Two schoolgirls tied for first in last weekend’s UK Women’s Blitz Championship at Leamington Spa. Elis Dicen, 13, took the title on tie-break from Bodhana Sivanandan, eight. Both scored 11/14, but Dicen won their individual game, one of the best of the tournament. This was 3+2 blitz: three minutes per player for the entire game, plus a two seconds per move increment.
The pair finished ahead of the seasoned international opposition of the 2019 world girls under-18 blitz champion, Kamila Hryshchenko, and the former Moscow women’s champion. Elmira Mirzoeva, who were fourth and fifth. It was a double success for Sivanandan, who last year finished joint second to Mirzoeva and shared the 2022 English championship title. All 15 finalists had been previously first or second in regional qualifiers.

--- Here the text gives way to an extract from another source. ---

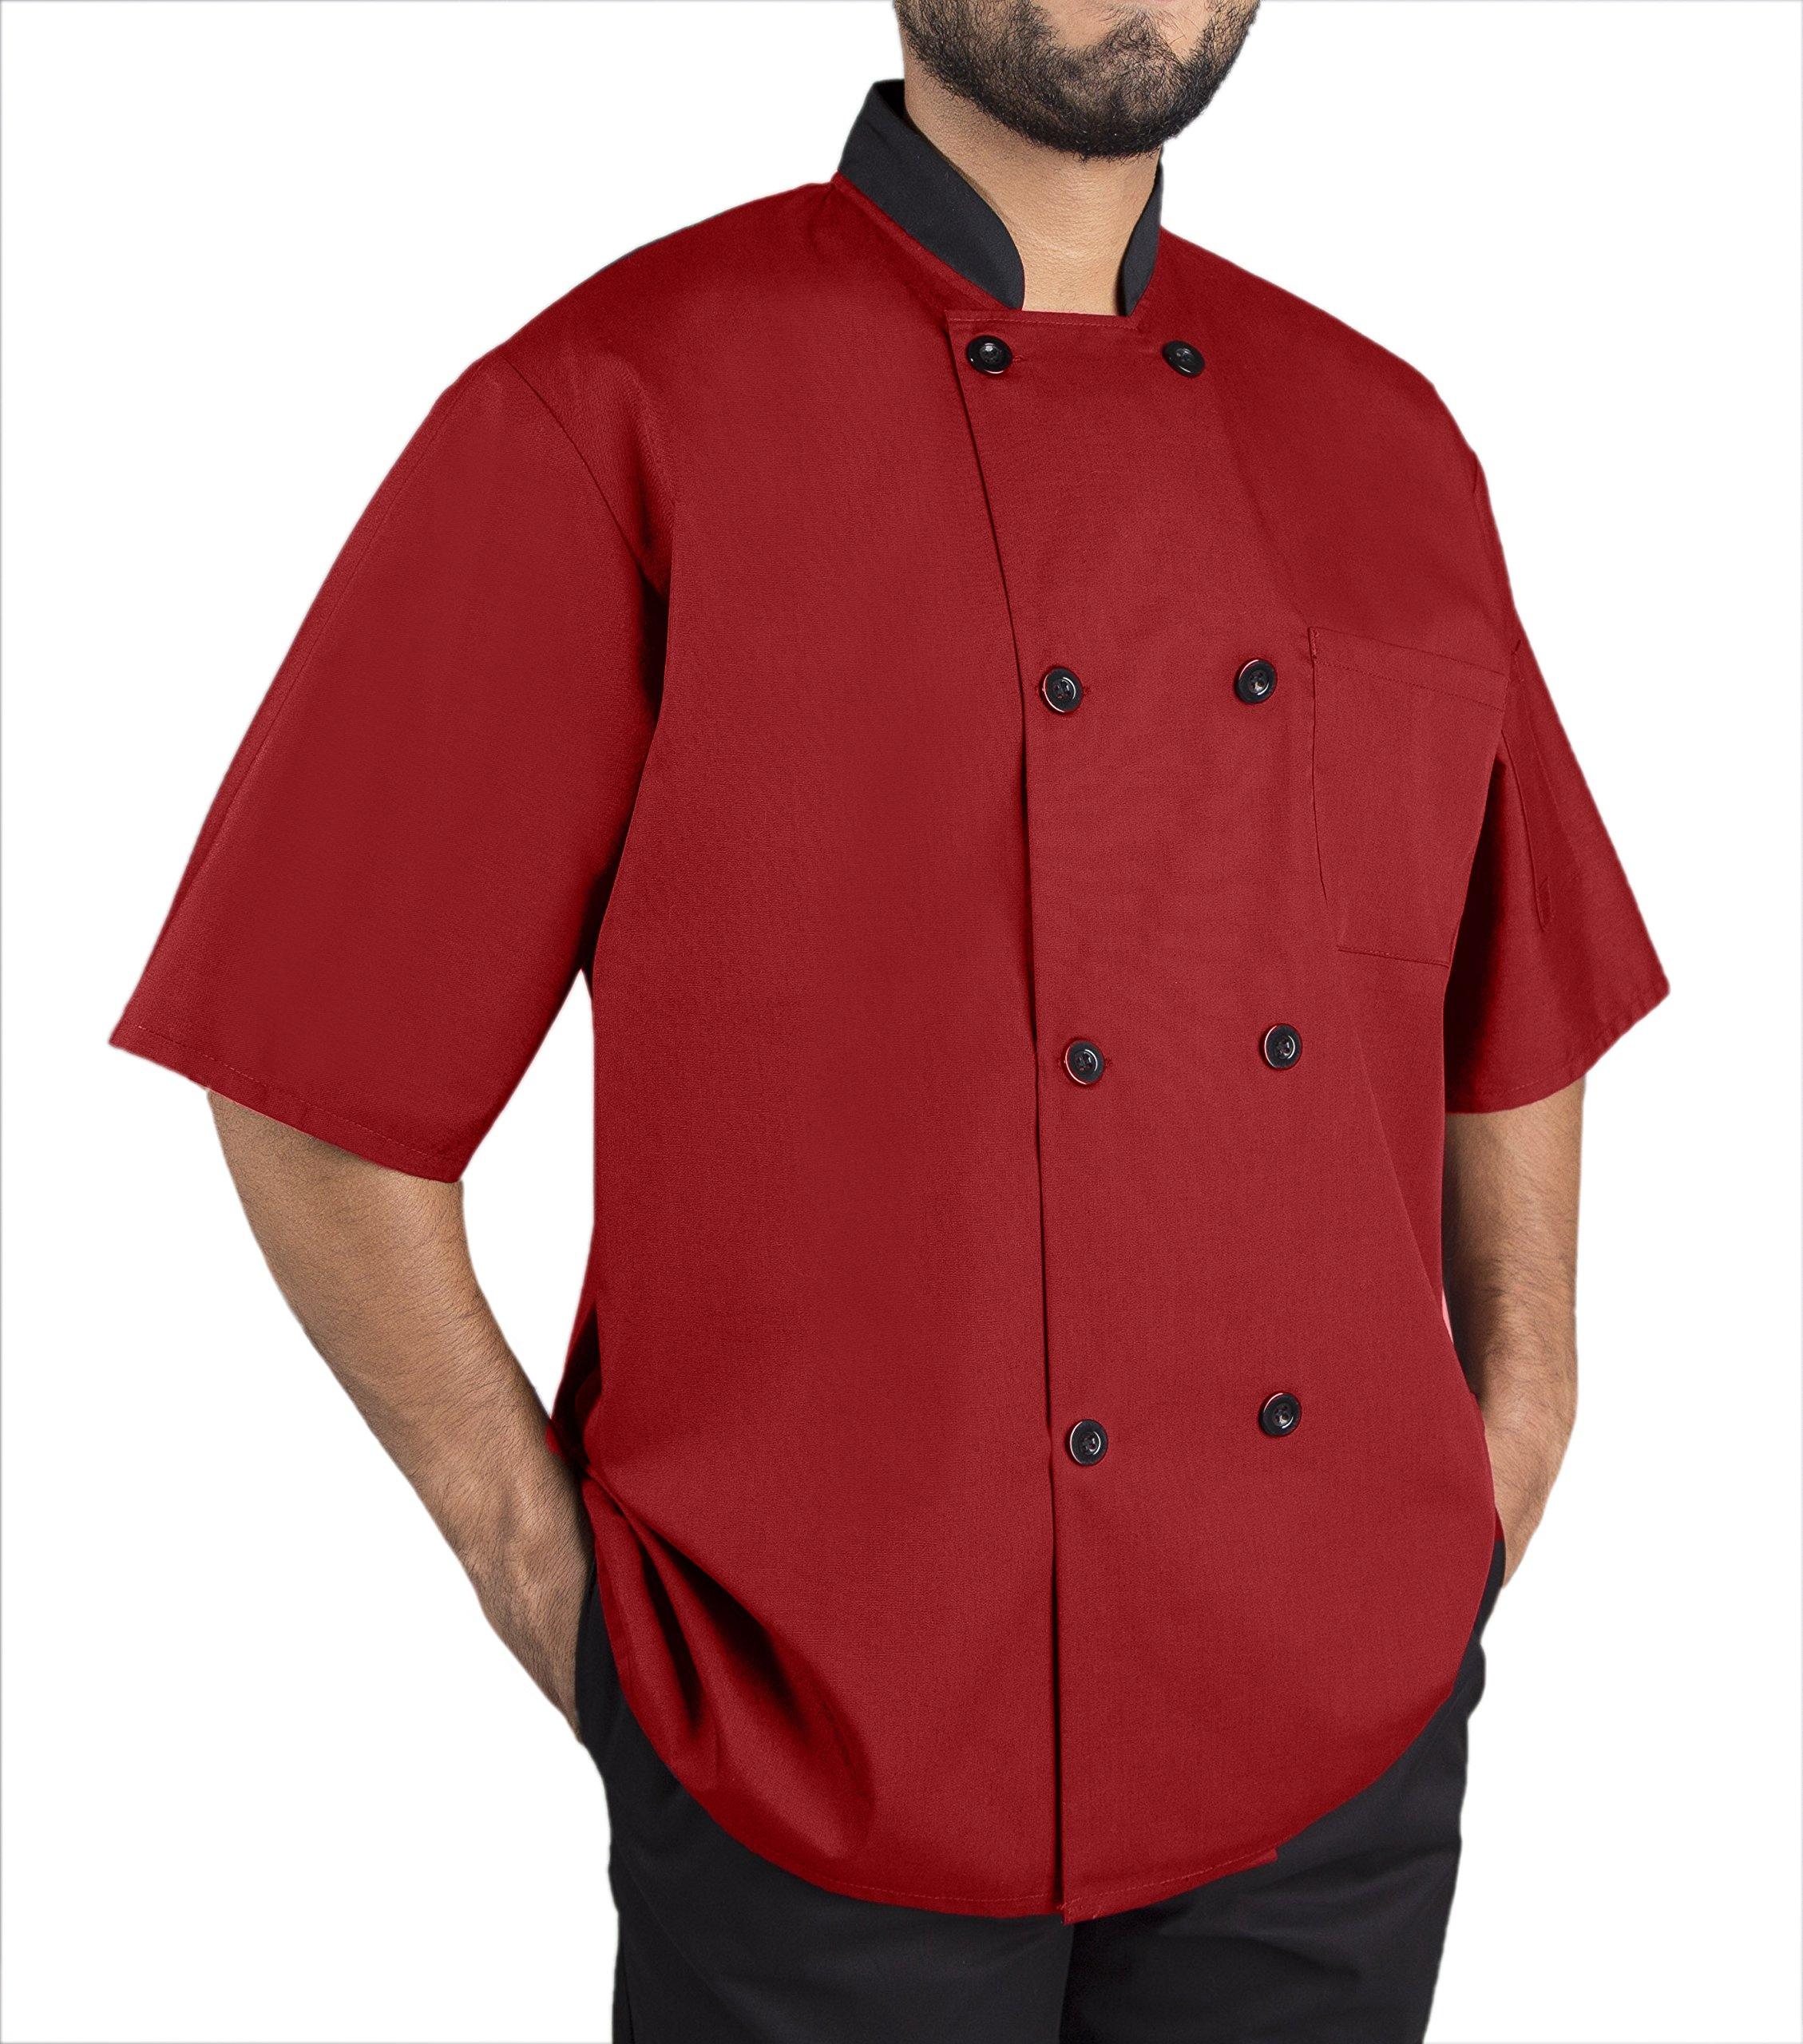 9f82fc19e09 Amazon.com  Happy Chef

Both English girls have made rapid progress recently. Dicen won her open section at the Delancey UK Schools Challenge final at Blenheim Palace, the only girl in the competition’s history to do so ahead of all the boys, while Sivanandan made a clean 33/33 sweep in the world under-eight classical, rapid and blitz championships, and scored an impressive 7/11 against much higher rated male experts at Riga, Latvia.
More than two decades after the vintage years when the trio of Harriet Hunt, Ruth Sheldon and Jovanka Houska all won world or European titles at under-18 or under-20 level, the future looks bright again for English women’s and girls chess. The British women’s champion, Lan Yao, 22, is a rising star of the international game.
At junior level, the work of She Plays to Win, headed by the England women’s coach, IM Lorin d’Costa, is bearing fruit. She Plays to Win aims to attract more girls into the game through all-female online tournaments and weekly Sunday simuls in London by the French multi-champion Sophie Milliet.
Female chess in England is already youthful. More than half of England’s top 50 Fide-rated women were born in 2000 or later, as against only 12% of men. The English Chess Federation and its director of women’s chess, Aga Milewska, are encouraging rising players with the help of chess charities and the new £500,000 government grant.
Internationally, England women trail in 20th place behind the top western European nations France and Germany as well as the world leaders China and India, but results are set to improve due to Sivanandan’s promise as well as an emerging generation of talented teenagers.
Additionally to Dicen and Sivanandan, the rating trajectories of Eugenia Karas, 15, Abigail Weersing, 17, Nina Pert, 15, Anusha Subramanian, 14, and Tashika Arora, 15, all show potential to reach the England women’s team in the next few years.
3897: 1 Rxb7! Qxb7 2 Qf6+ Kg4 3 Qe6+ Kh5 4 Qxg8 Rg7 (Qg7 holds out longer) 5 Qf8 d4 6 e6 c5 7 Qxg7! and Black resigned (Qxg7 8 e7 and queens).